----- Supplied information

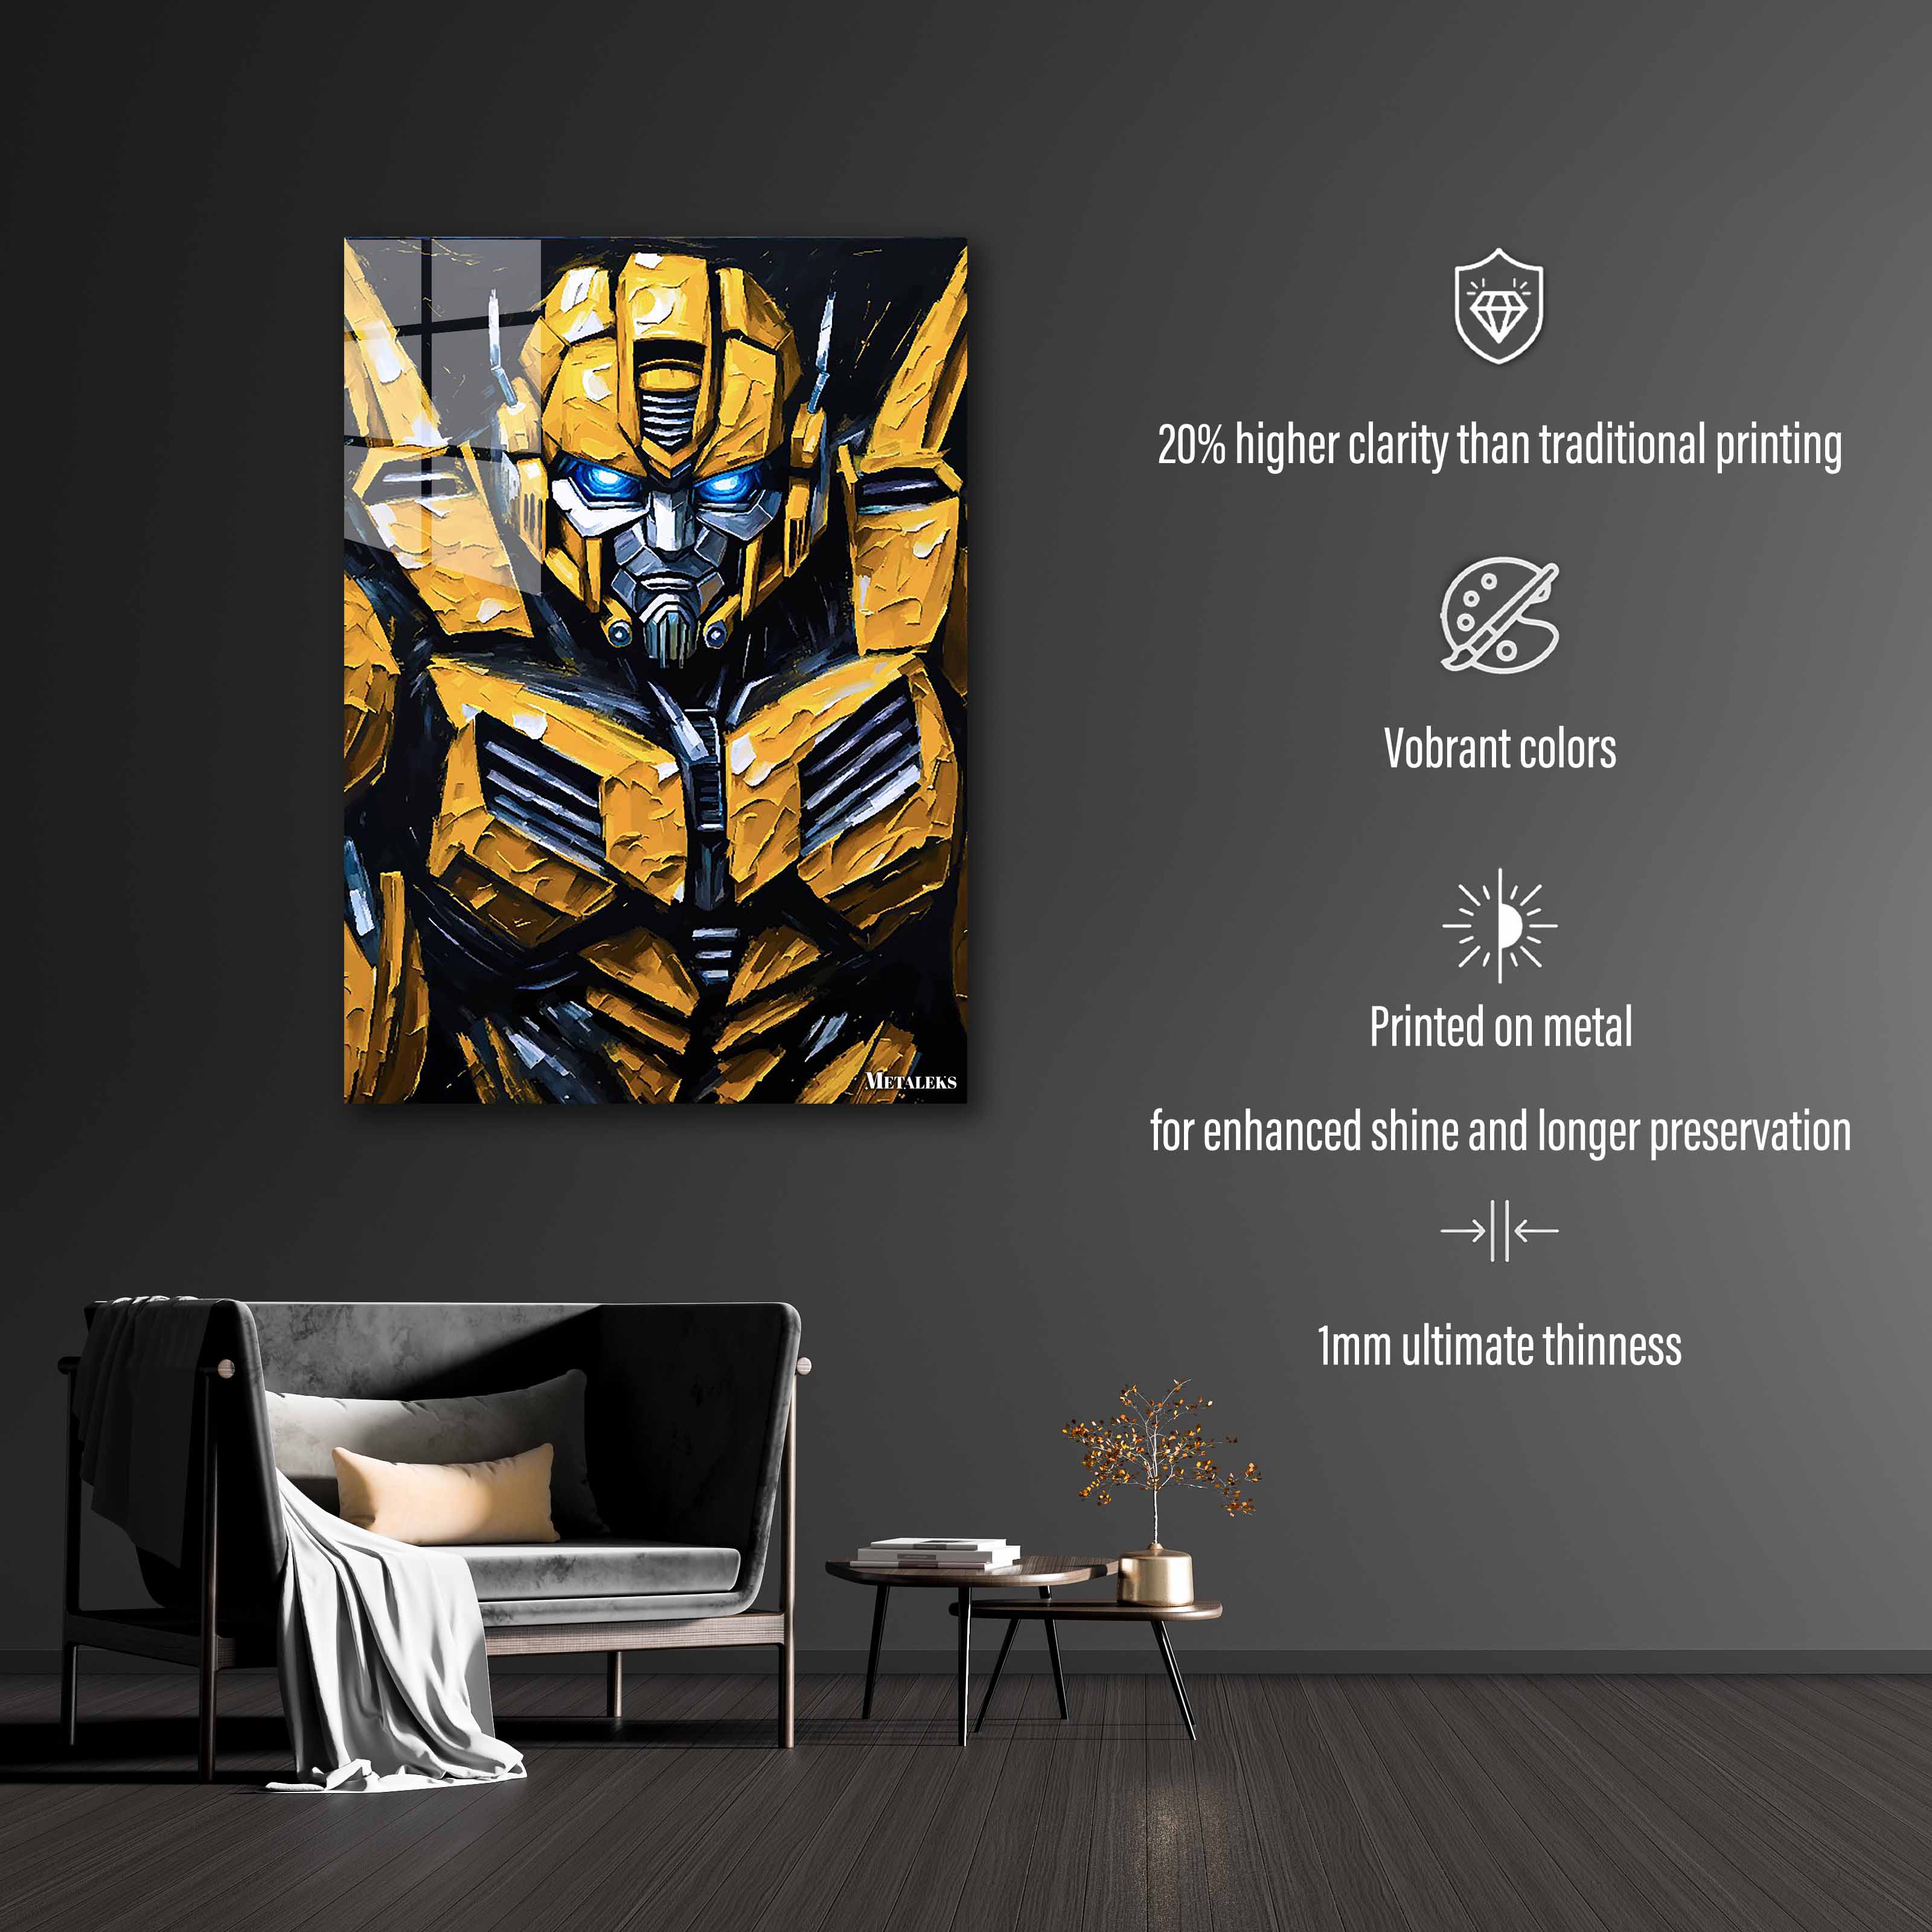 Bumblebee 2-designed by @ALTAY
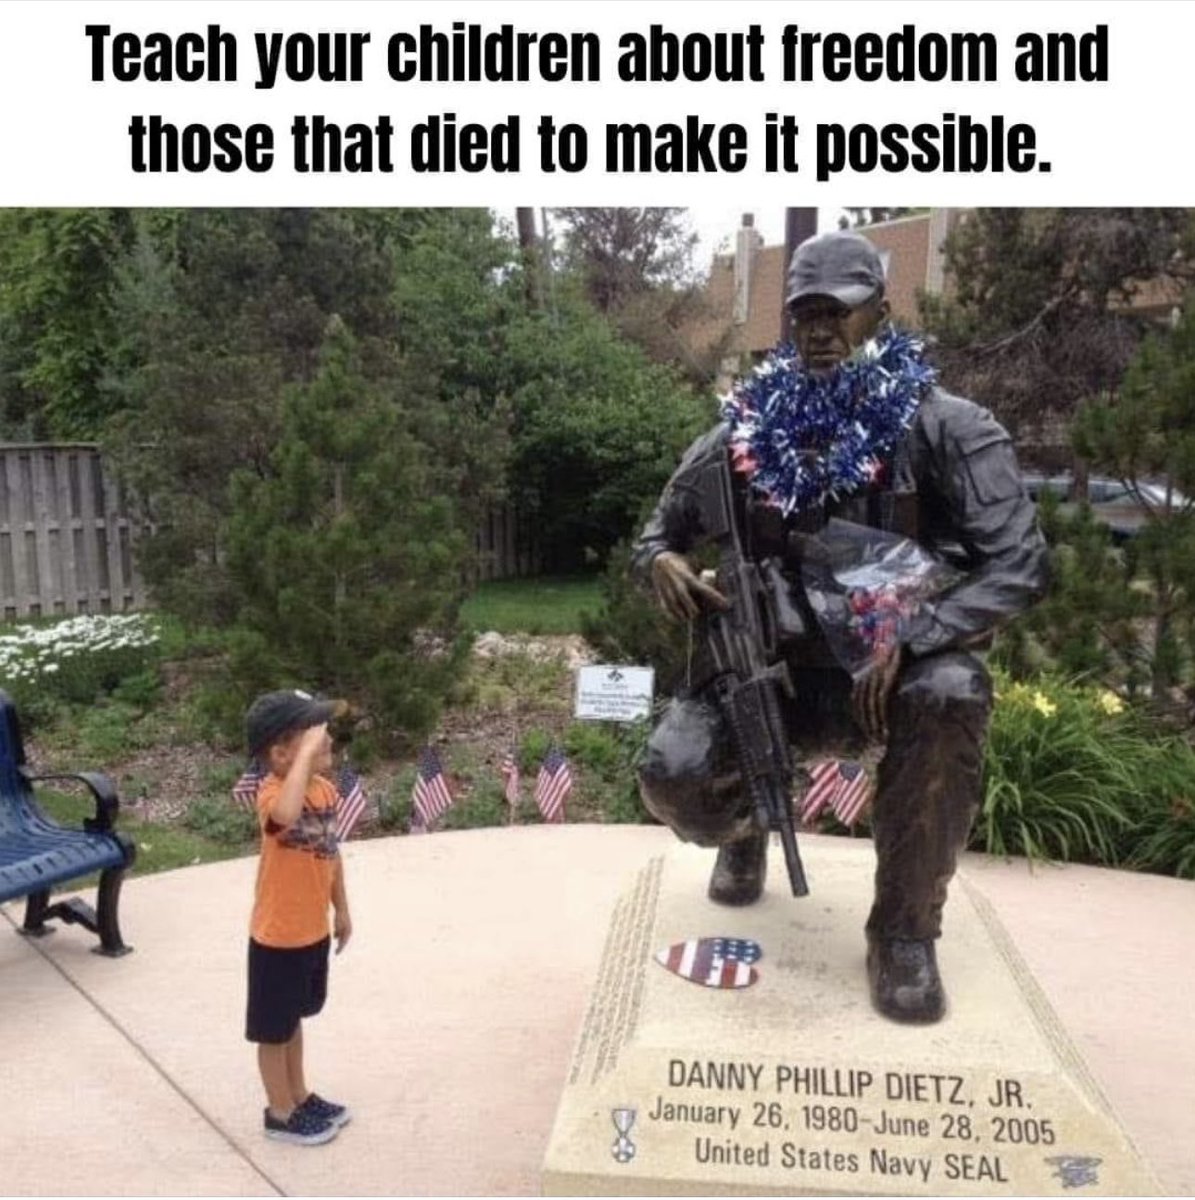 This is so important! Patriotism 🇺🇸is being lost in schools! We owe these military 🇺🇸heroes everything! We live in the greatest country in the world because of them and their sacrifice! 🙌🏻❤️🇺🇸 #FreedomIsNotFree
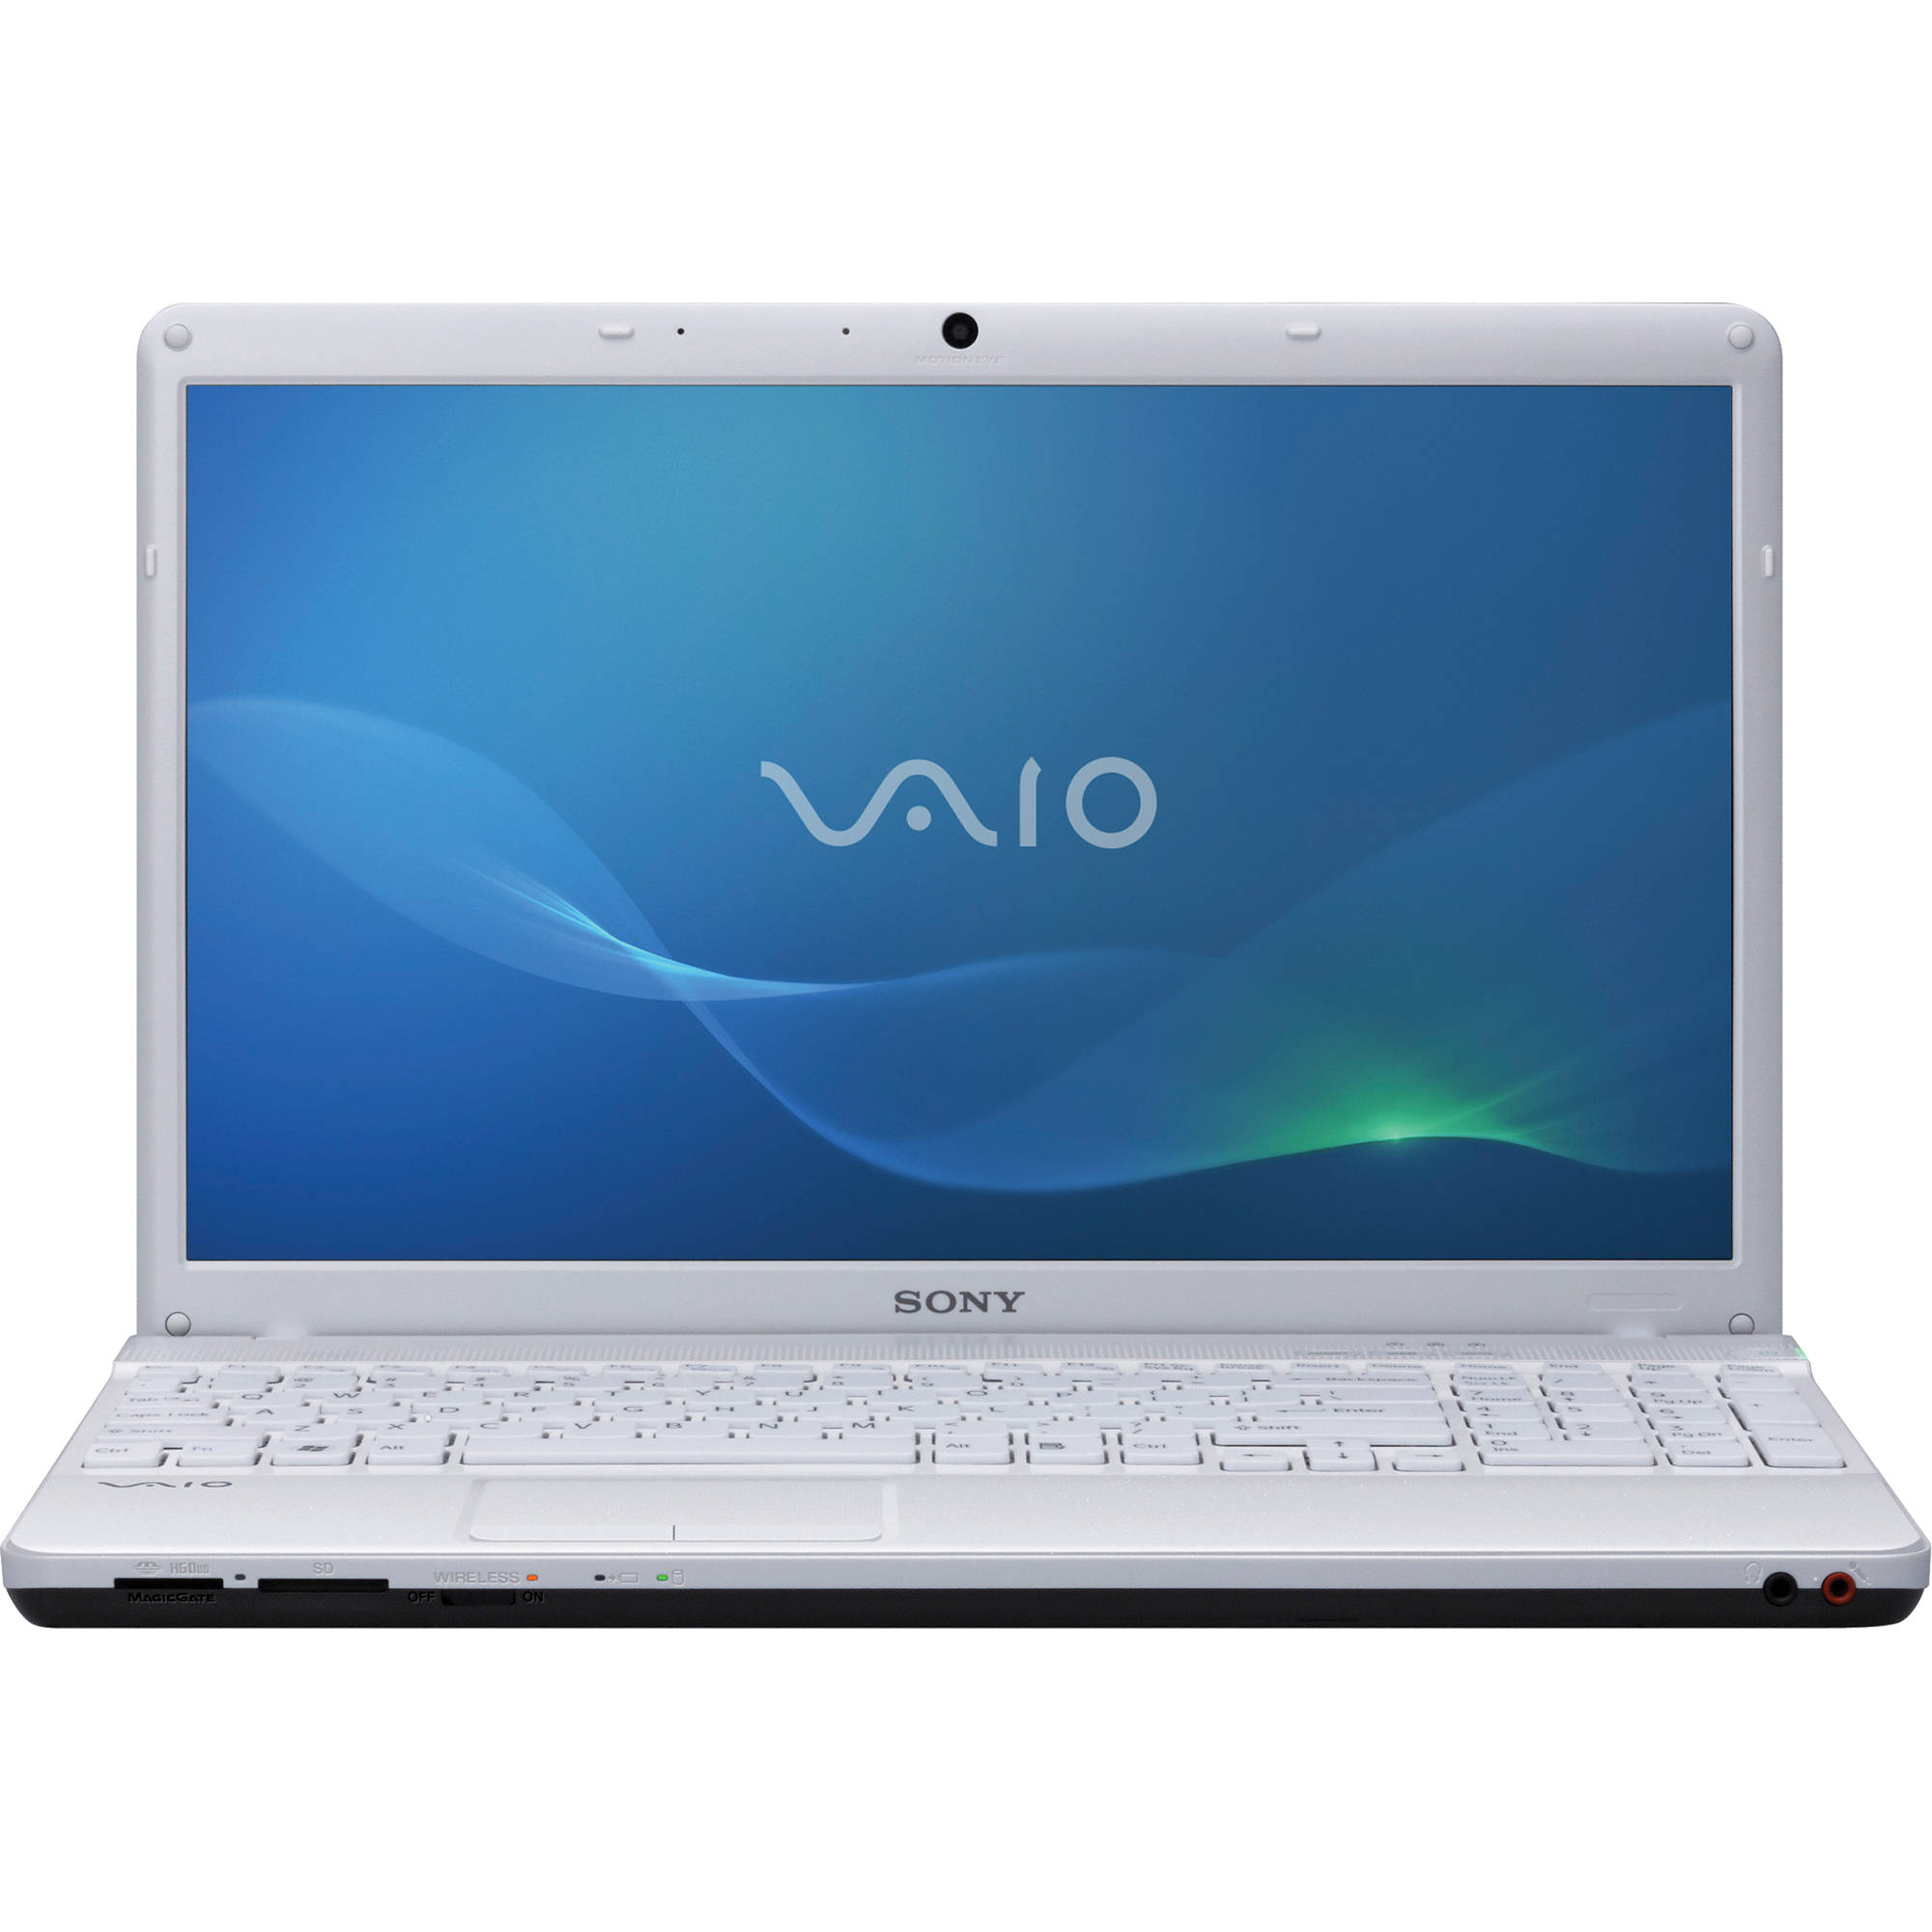 Sony Vaio Laptop Wifi Drivers For Windows 7 64 Bit Free Download

----------

The material is to be written out word for word, and the pictures are to be left out.

Completed task:
 Bumblebee 2-designed by @ALTAY
 This is so important! Patriotism 🇺🇸is being lost in schools! We owe these military 🇺🇸heroes everything! We live in the greatest country in the world because of them and their sacrifice! 🙌🏻❤️🇺🇸 #FreedomIsNotFree
 Sony Vaio Laptop Wifi Drivers For Windows 7 64 Bit Free Download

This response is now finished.